> **Provided material**

══════════

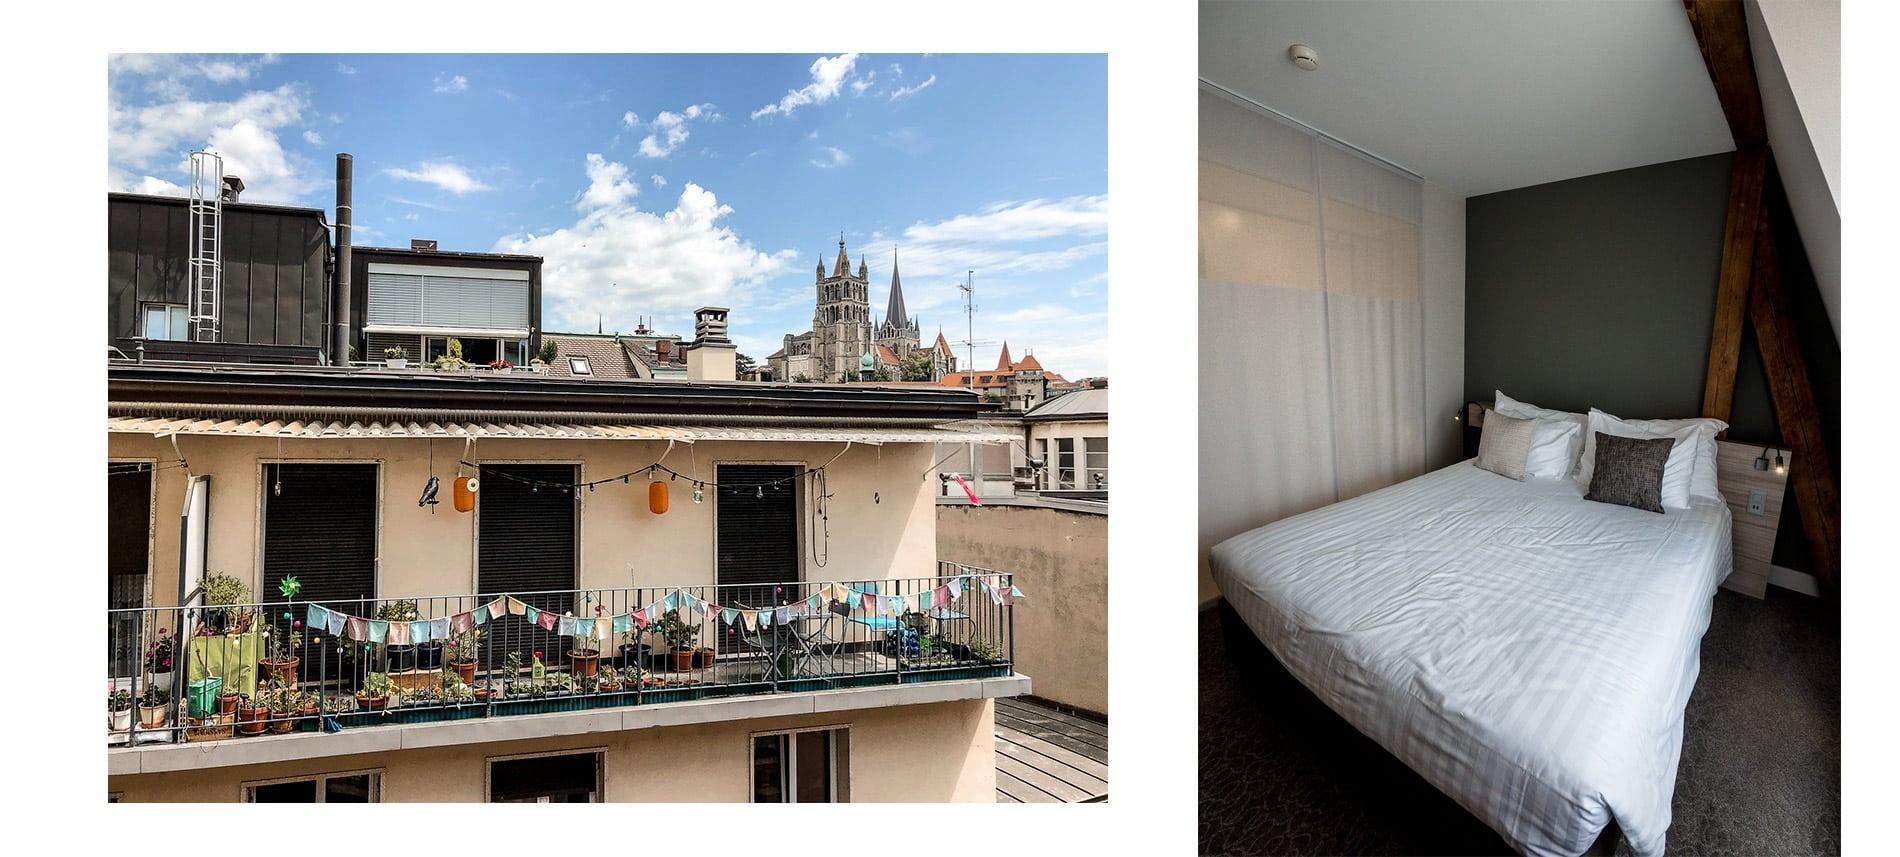 Suisse | Lausanne |hebergement | Mademoiselle-voyage | conseils
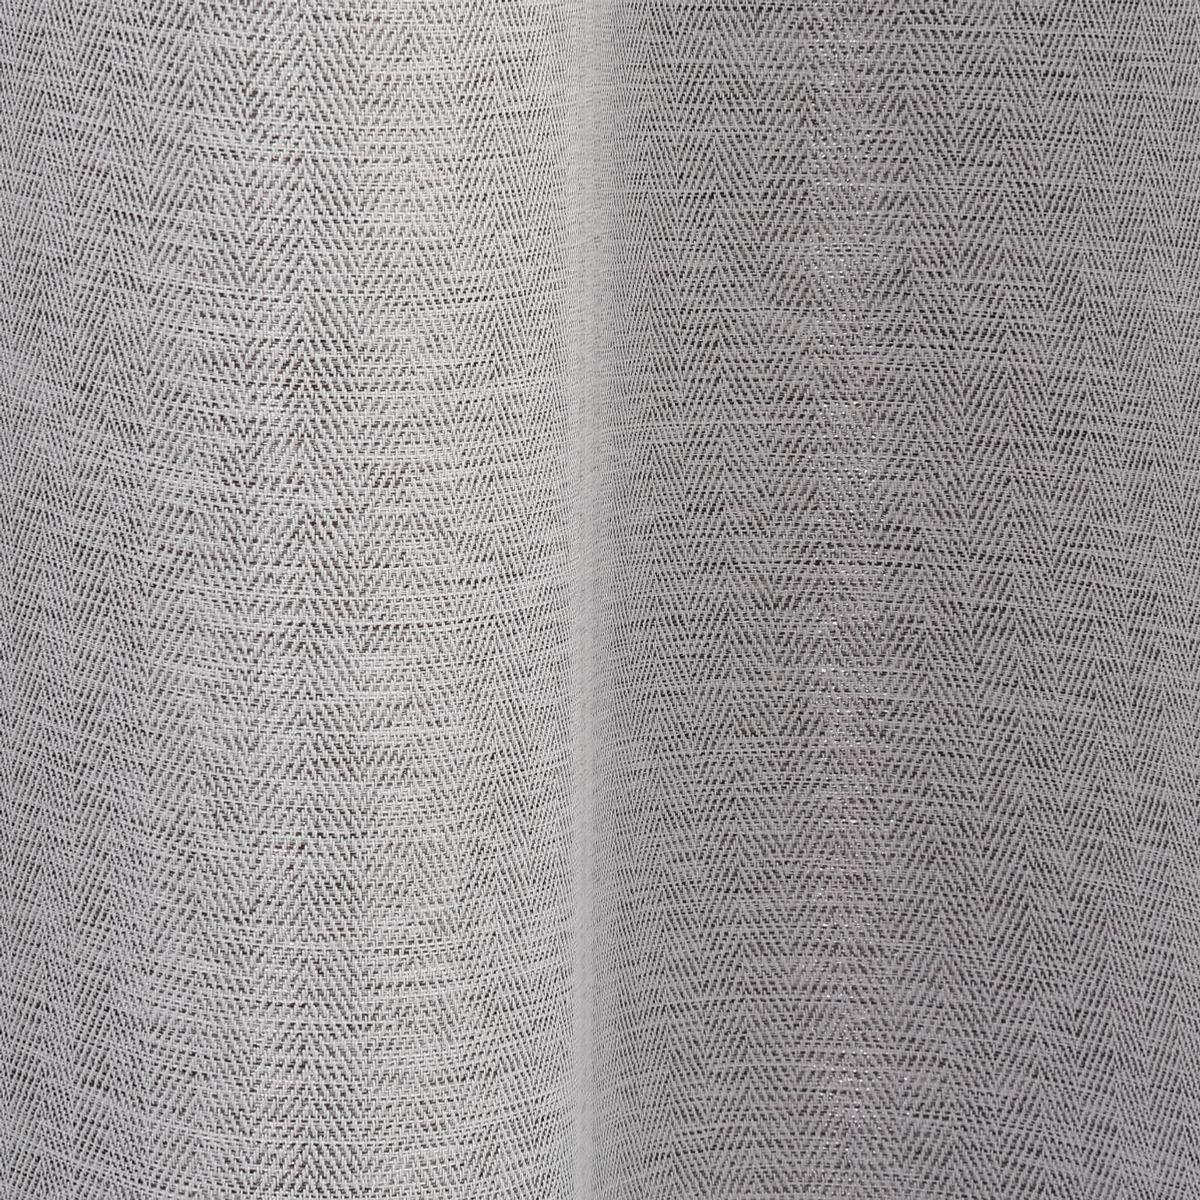 Rideau occultant gris moyen Pichima 140x260 cm
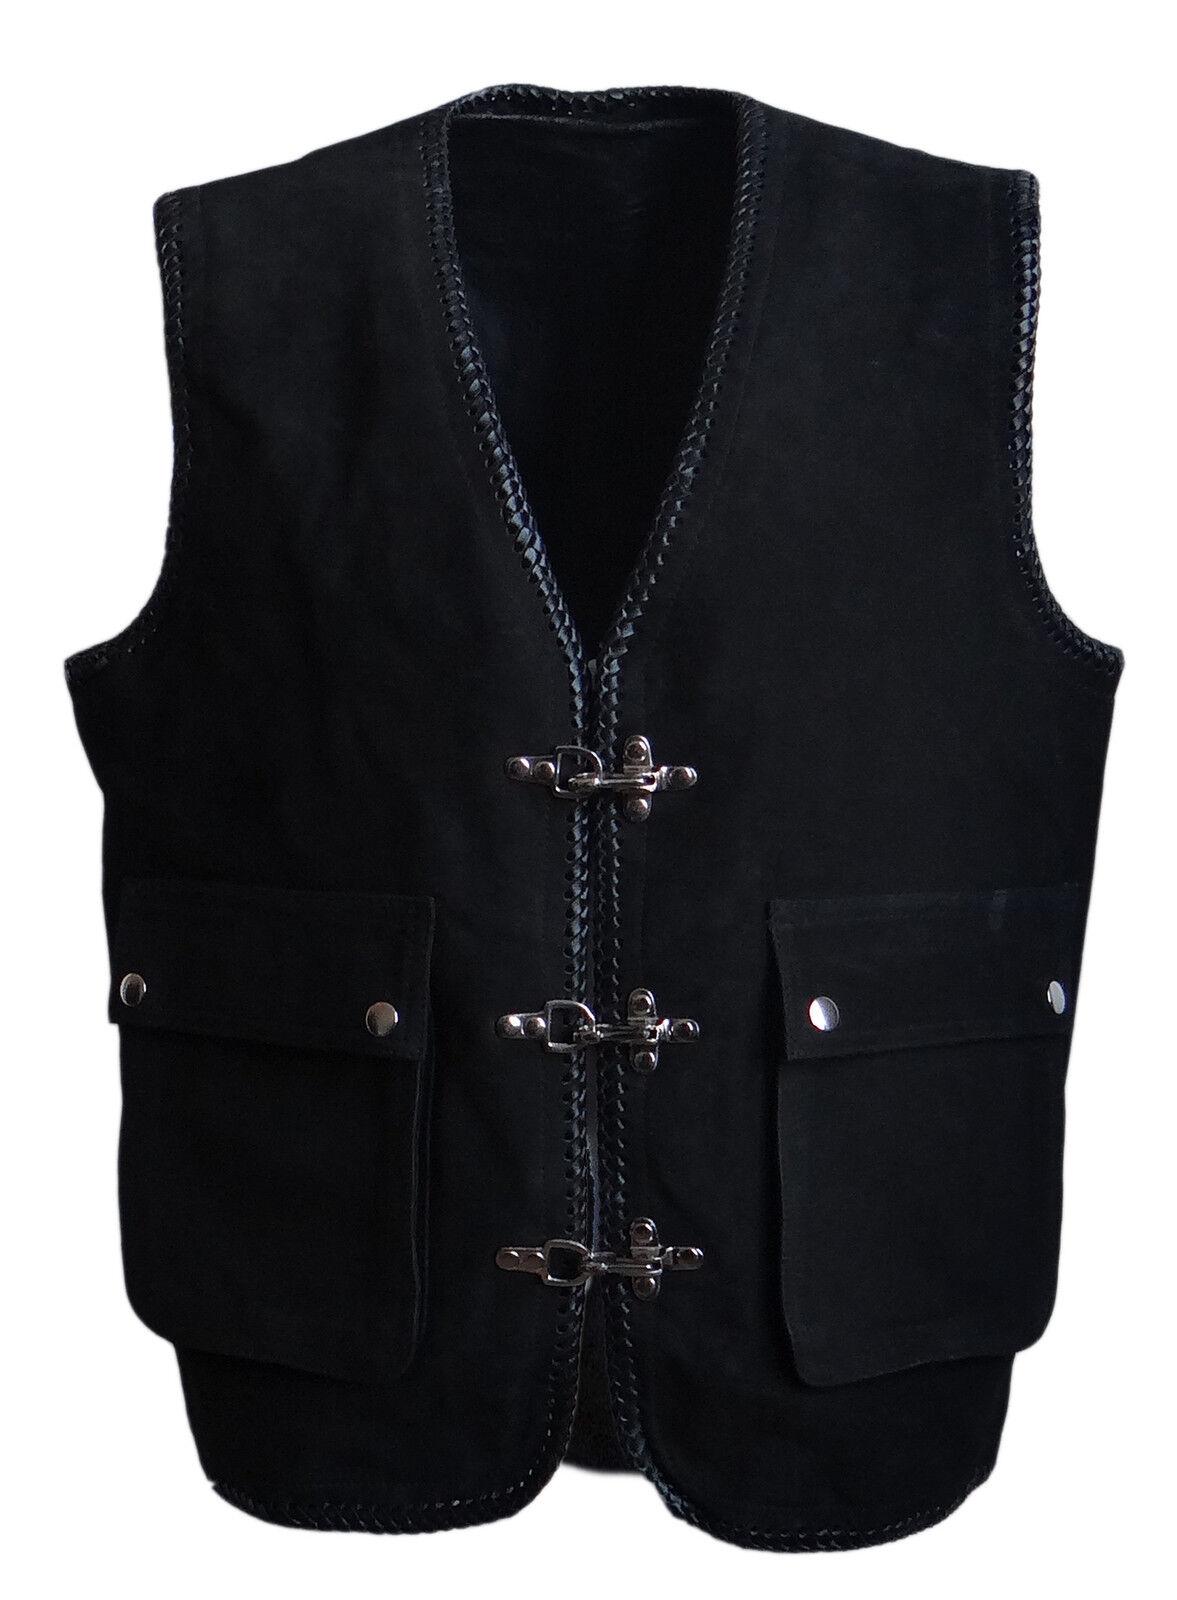 Bikerweste Kutte Lederweste Karabinerhaken Nubuk Nubuk Nubuk Leder schwarz Größe S | Elegante und robuste Verpackung  f70391
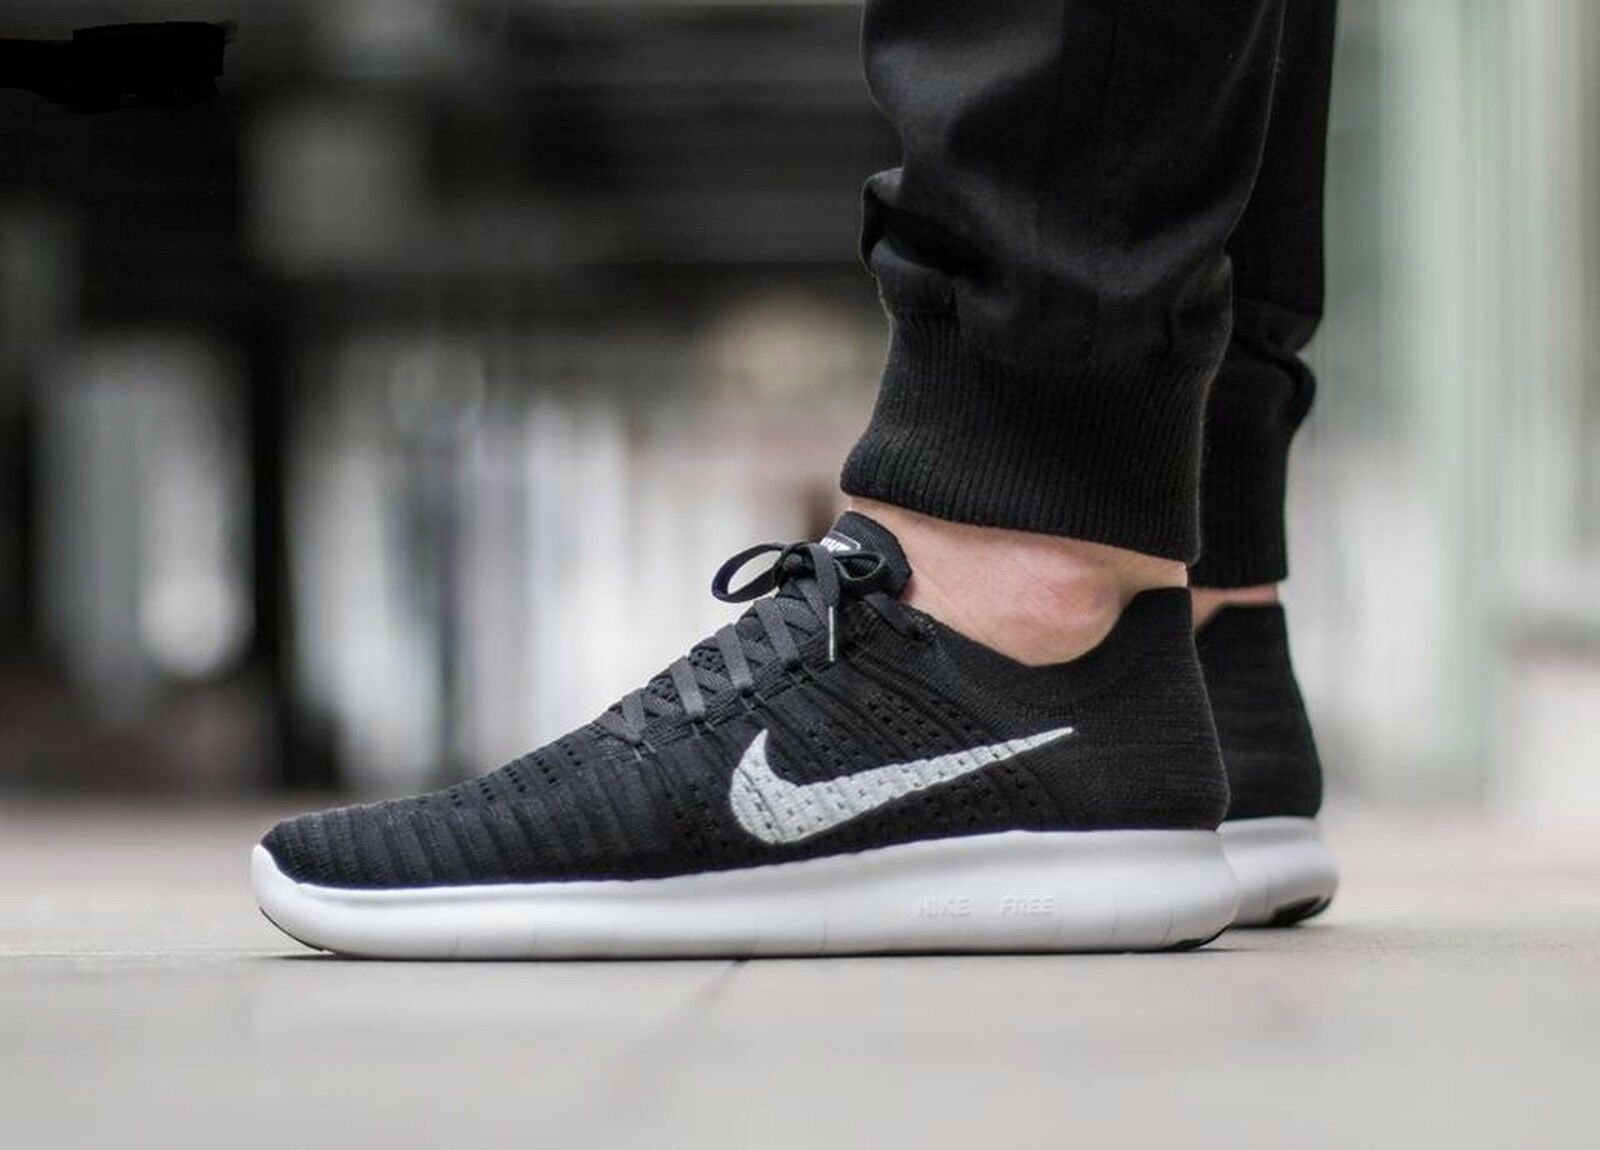 Nike libera rn flyknit scarpe bianco nero 831069 001 Uomo sz 13

══════════

Give again, word for word, the lines above from the one with "Rideau occultant gris" through the final line of the data, both ends included. Do not copy any picture.

 Rideau occultant gris moyen Pichima 140x260 cm
 Bikerweste Kutte Lederweste Karabinerhaken Nubuk Nubuk Nubuk Leder schwarz Größe S | Elegante und robuste Verpackung  f70391
 Nike libera rn flyknit scarpe bianco nero 831069 001 Uomo sz 13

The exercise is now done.